Segment Start: Supplied material
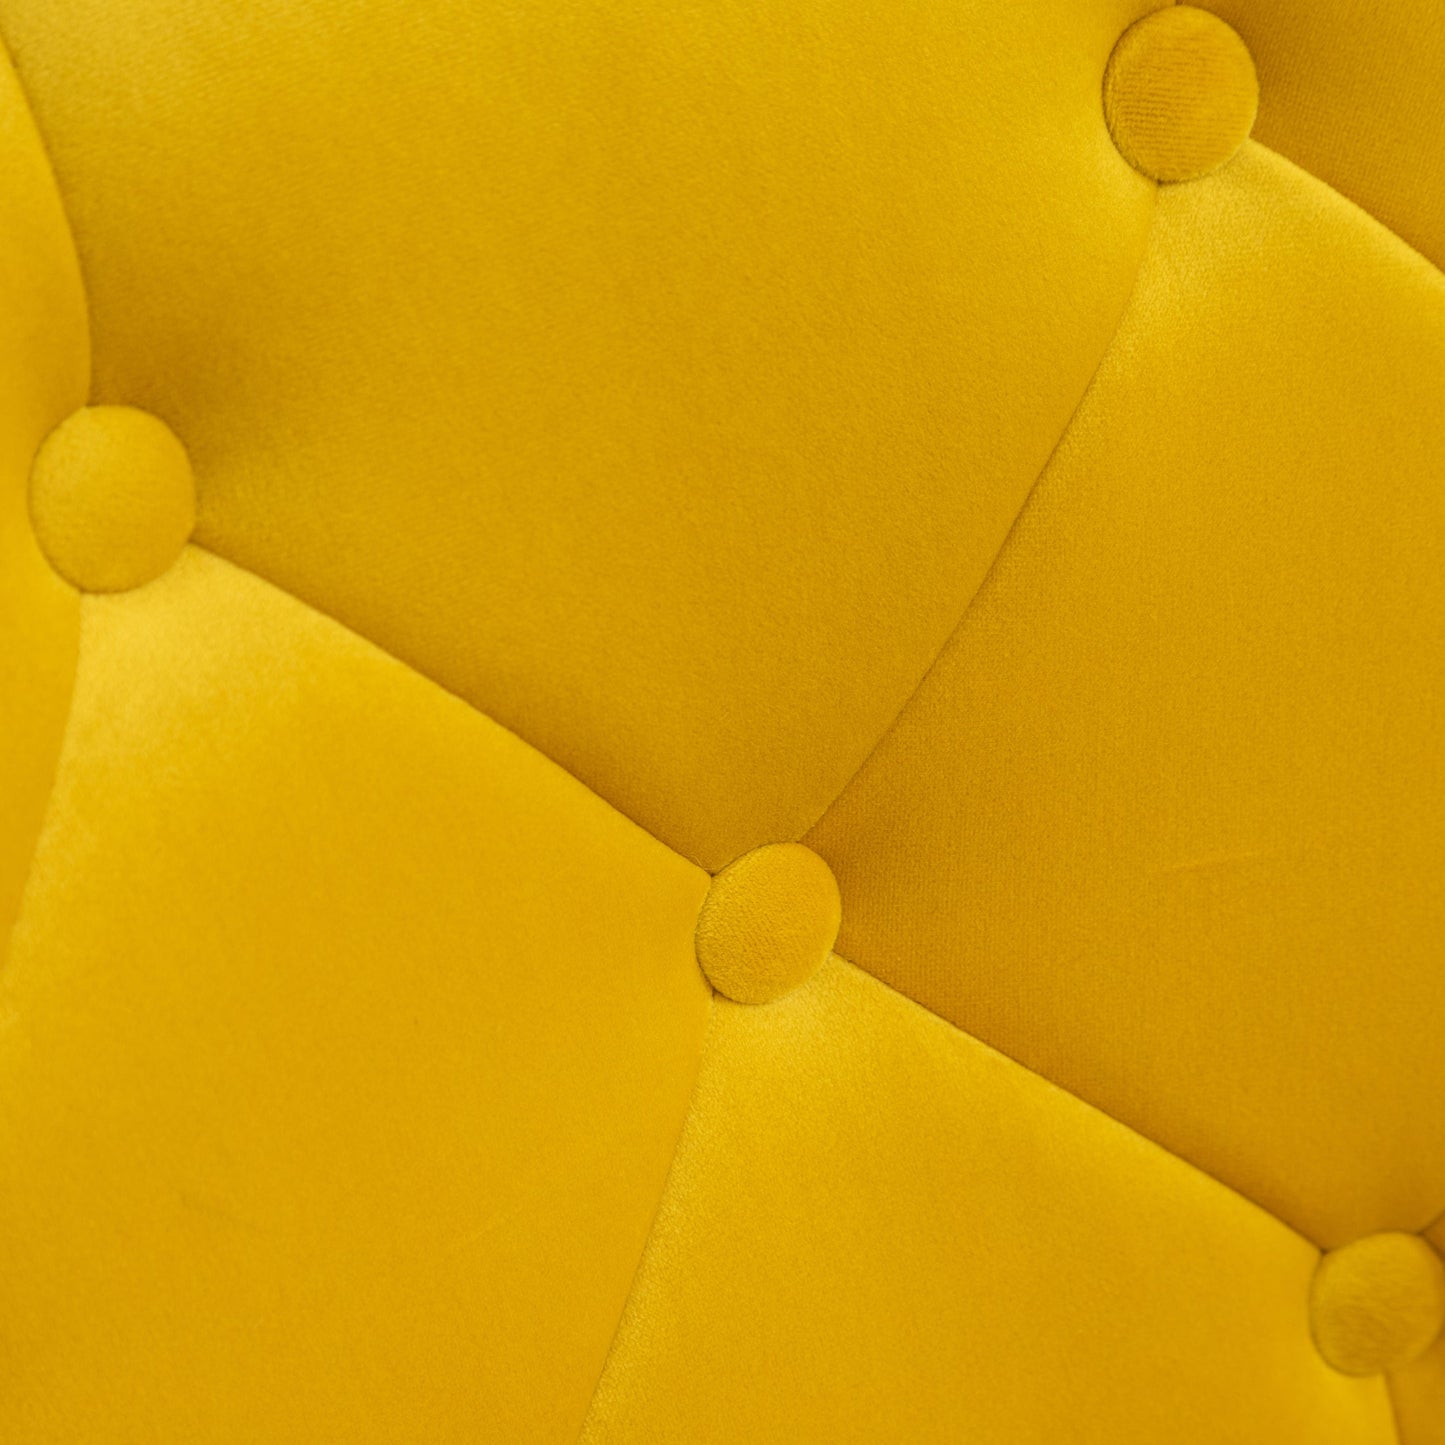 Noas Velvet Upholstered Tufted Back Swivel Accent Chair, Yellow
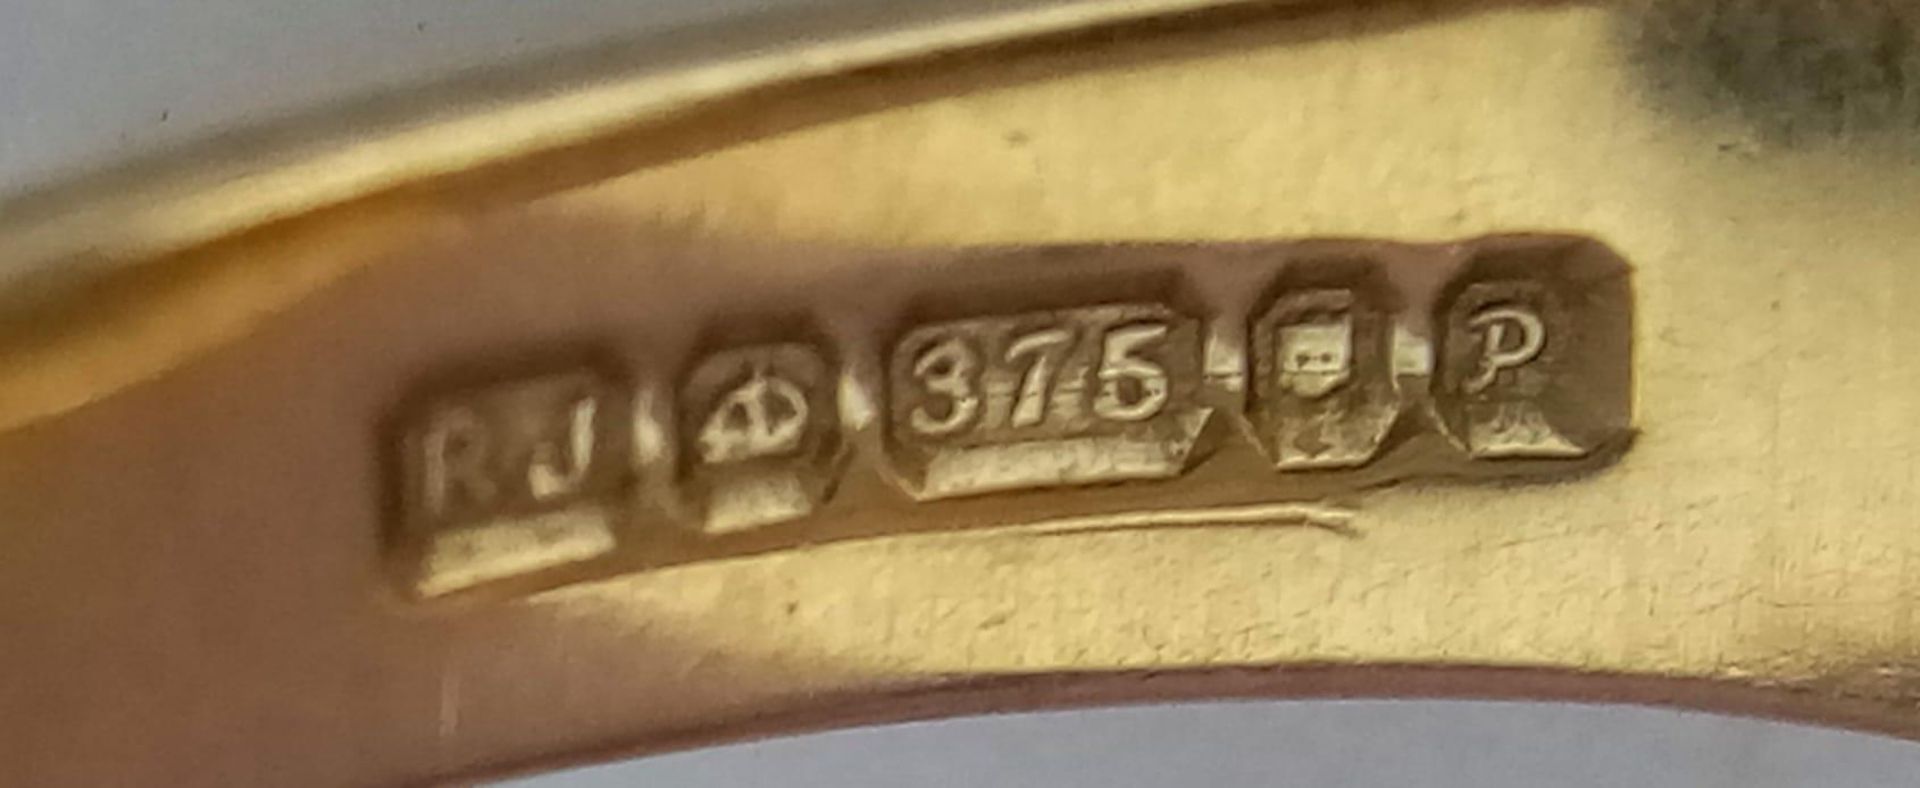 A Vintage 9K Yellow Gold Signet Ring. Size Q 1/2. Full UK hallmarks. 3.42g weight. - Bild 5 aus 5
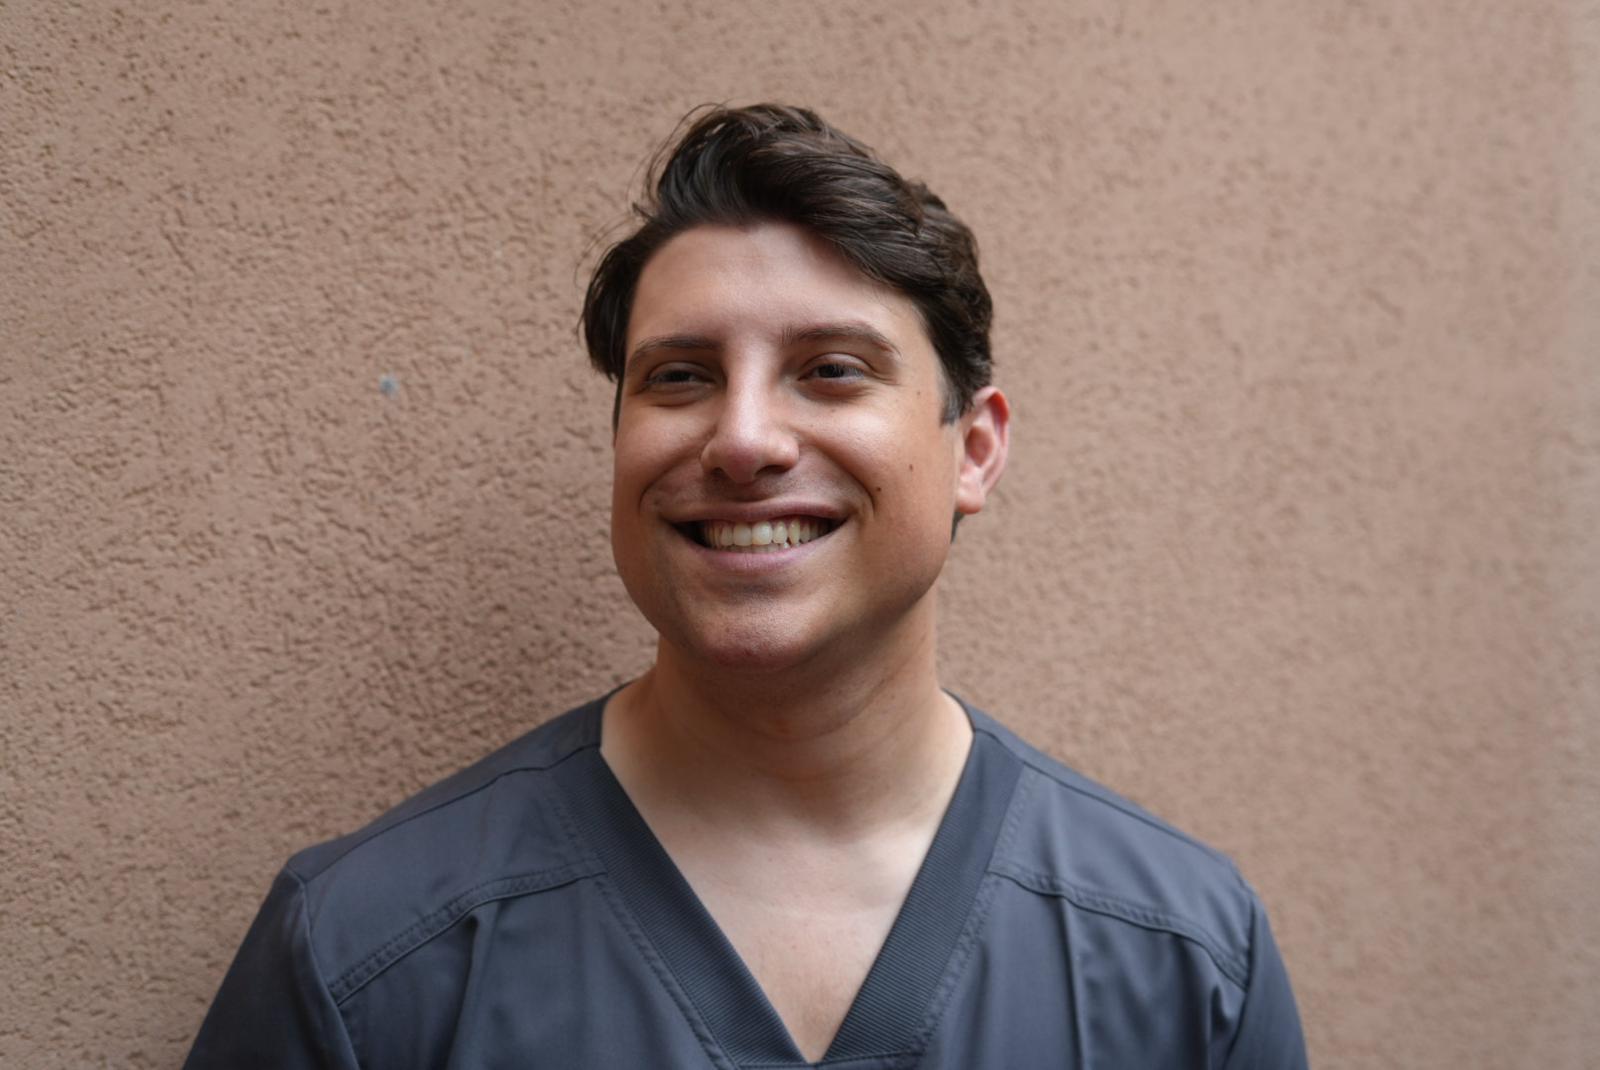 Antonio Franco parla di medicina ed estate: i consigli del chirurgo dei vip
Segment End: Supplied material
* [About this task] Exactly repeat only the lines from the one with "A Vintage 9K" to the closing line above, both included, and omit every picture.

* [Answer for the task]
 A Vintage 9K Yellow Gold Signet Ring. Size Q 1/2. Full UK hallmarks. 3.42g weight. - Bild 5 aus 5
 Antonio Franco parla di medicina ed estate: i consigli del chirurgo dei vip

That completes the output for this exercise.